Publications and Projects

My research on the rapport between early modern art and nature scrutinizes exchanges between artists and scientists (or, in early modern parlance, “natural philosophers”) through the dual lenses of environmental and colonial studies. My work foregrounds the dire contemporary stakes of the visual research of early modern artists and scientists, which laid foundations for systems of colonial and environmental exploitation that endure today.

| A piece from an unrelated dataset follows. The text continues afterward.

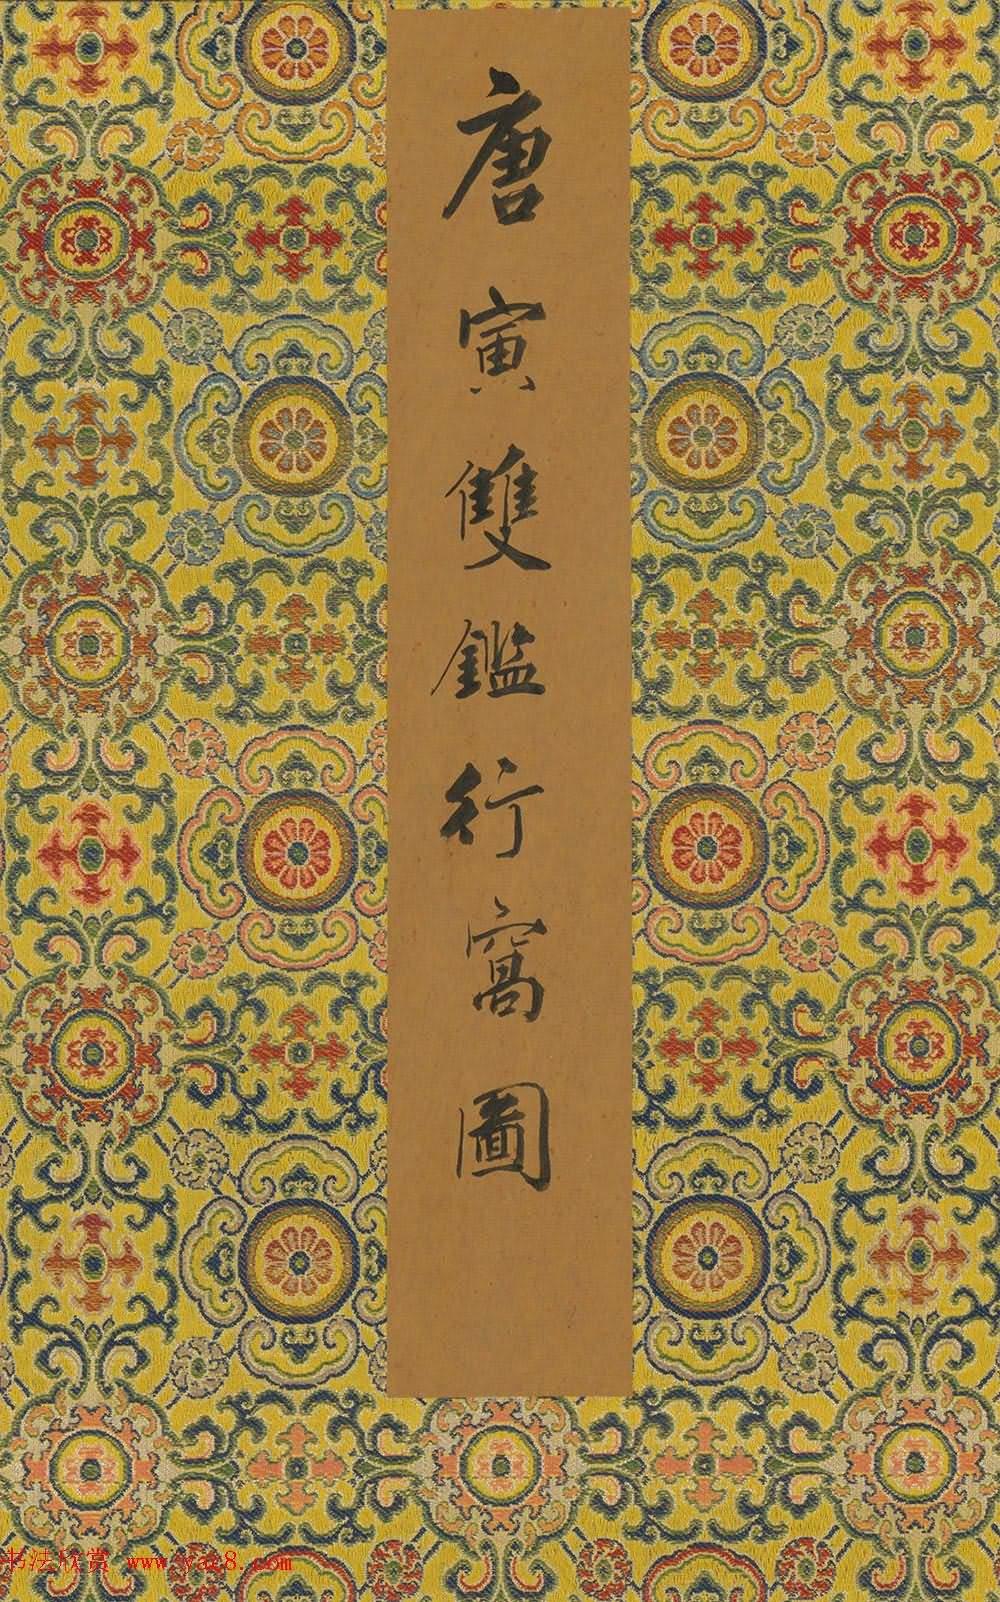 唐寅50歲書法墨跡字帖《雙鑒行窩記》(共18張圖片)

I am developing a grant project with Maurice Saß (Alanus Hochschule, Alfter) called “Ecocritical Histories of Early Modern Art,” which will contribute a methodological apparatus for writing ecologically grounded histories of early modern art, that is, narratives that foreground the interconnectedness of elements in nature and human embeddedness within the natural world. Taking longstanding traditions of examining the relationships between art and nature in early modernity as a point of departure, the project builds upon the recent ecocritical turns in other disciplines of early modern studies and ecologically oriented work in medieval, modern, and contemporary art history. Our aspiration is to support an emerging ecosophical disposition in early modern art history while also equipping historians of early modern art to engage more meaningfully in contemporary ecocritical discourses beyond art history, and even the academy.

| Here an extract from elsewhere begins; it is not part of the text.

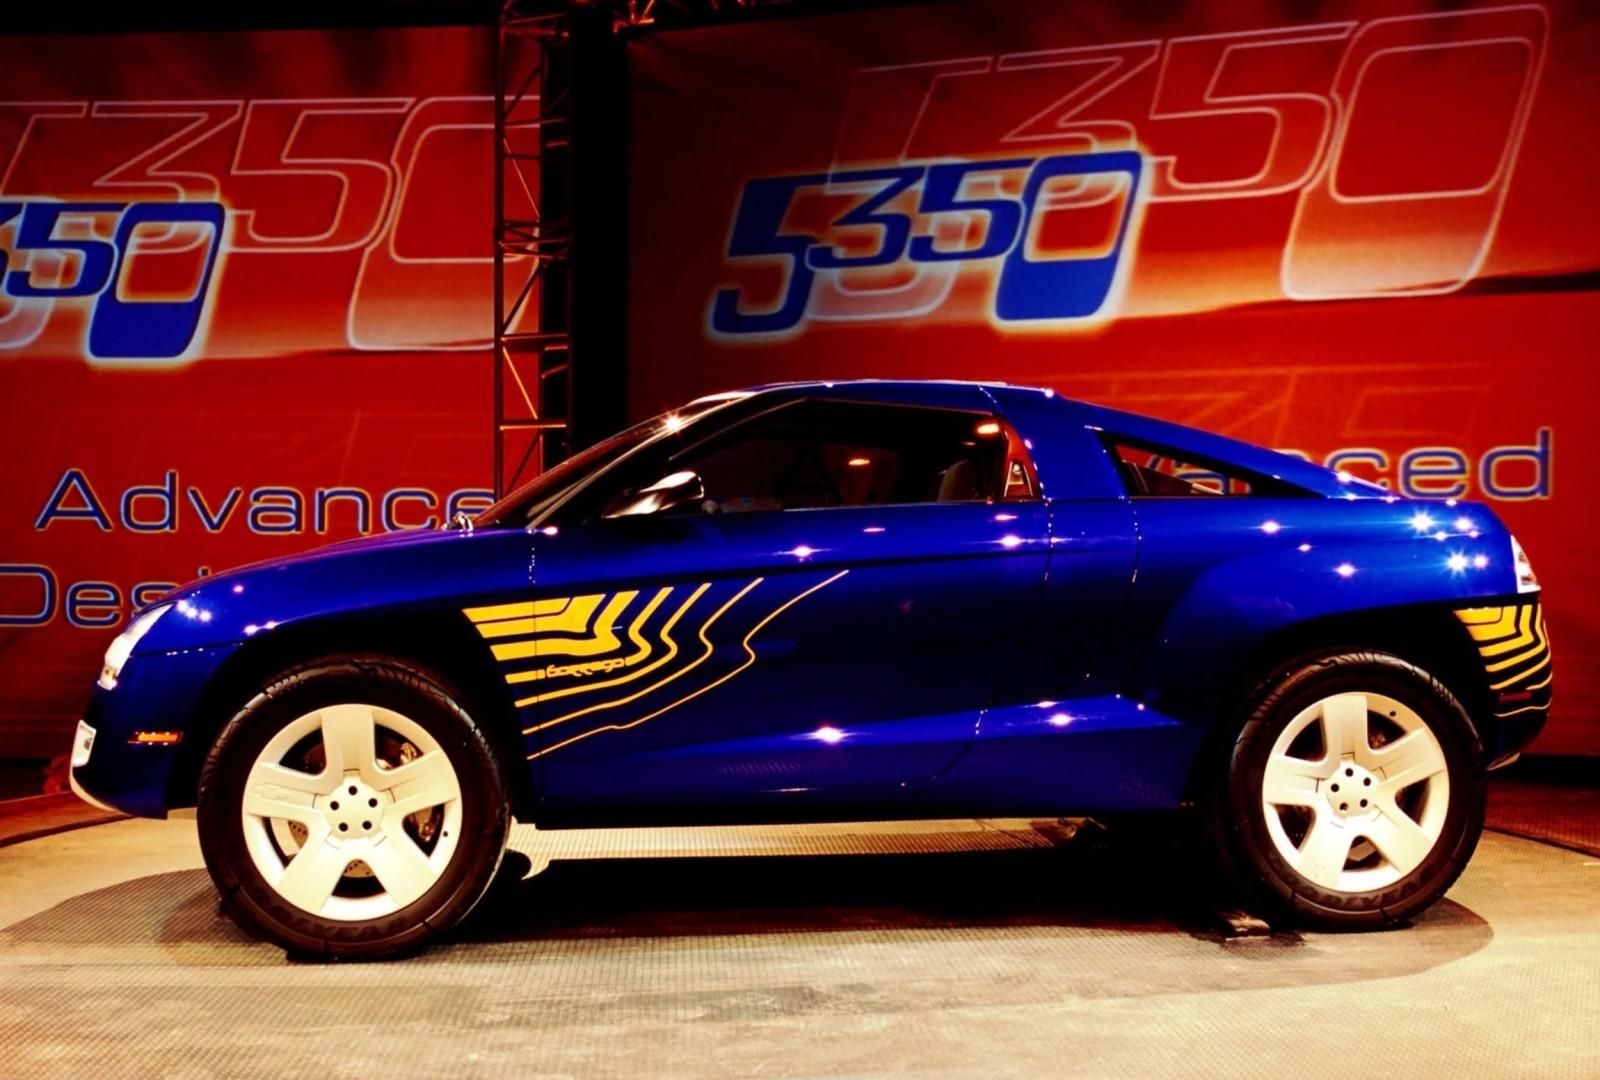 concept flashback - 2001 chevrolet borrego concept

In 2020, I published an article titled “Ryff’s Acanthus: On Field Research in Renaissance Architecture” in 21: Inquiries into Art, History, and The Visual / Beiträge zur Kunstgeschichte und visuellen Kultur, which situates the Renaissance architect within their ecological context. The article explores how sixteenth-century architectural treatises promoted strategies for the empirical research of nature culled from botanical studies as well as archaeology. 

 

One of my book projects, Nature and Imitation in Early Modern Architecture, builds on that work to respond to the need for an ecocritical history of architecture in the early modern world.  The book argues that architecture instantiated a fundamental shift in the rapport between humans and nature from c.1400-1800. Before this fundamental shift, Europeans saw nature on the one hand as the ideal model for architectural composition and on the other hand as a tool for managing natural environments. From the fifteenth century, Europeans began to transform ancient tactics for imitating nature through architecture into architectural methods for shaping nature. I contend that early modern architects’ efforts to imitate and control nature through architecture created scientific knowledge that catalyzed systems of natural resource extraction in Europe as well as the Viceroyalties of New Spain, Peru, and Brazil.

 

While European architects applied concepts of architectural naturalism and of “natural architecture” to colonize the Americas and their peoples, Indigenous and enslaved architecture experts also counteracted that strategy through their own modes of architectural naturalism. Europeans’ transformation of methods for imitating nature in architecture into ways of exploiting the natural world through architecture convinced colonizers that they controlled nature and shaped enduring systems of Western colonialism, but also prompted among colonized peoples alternative ways of imagining the rapport between the built and natural environments that linger to this day.

 

By exposing the origins and colonial dimensions of how architecture and environment relate in modernity, Nature and Imitation will contribute a new model for examining the global, environmental history of architecture during colonial early modernity.

 

My research for Nature and Imitation in Early Modern Architecture has been supported by the Frauenbeauftragte der Ludwig-Maximilians-Universität and I Tatti, the Harvard University Center for Italian Renaissance Studies.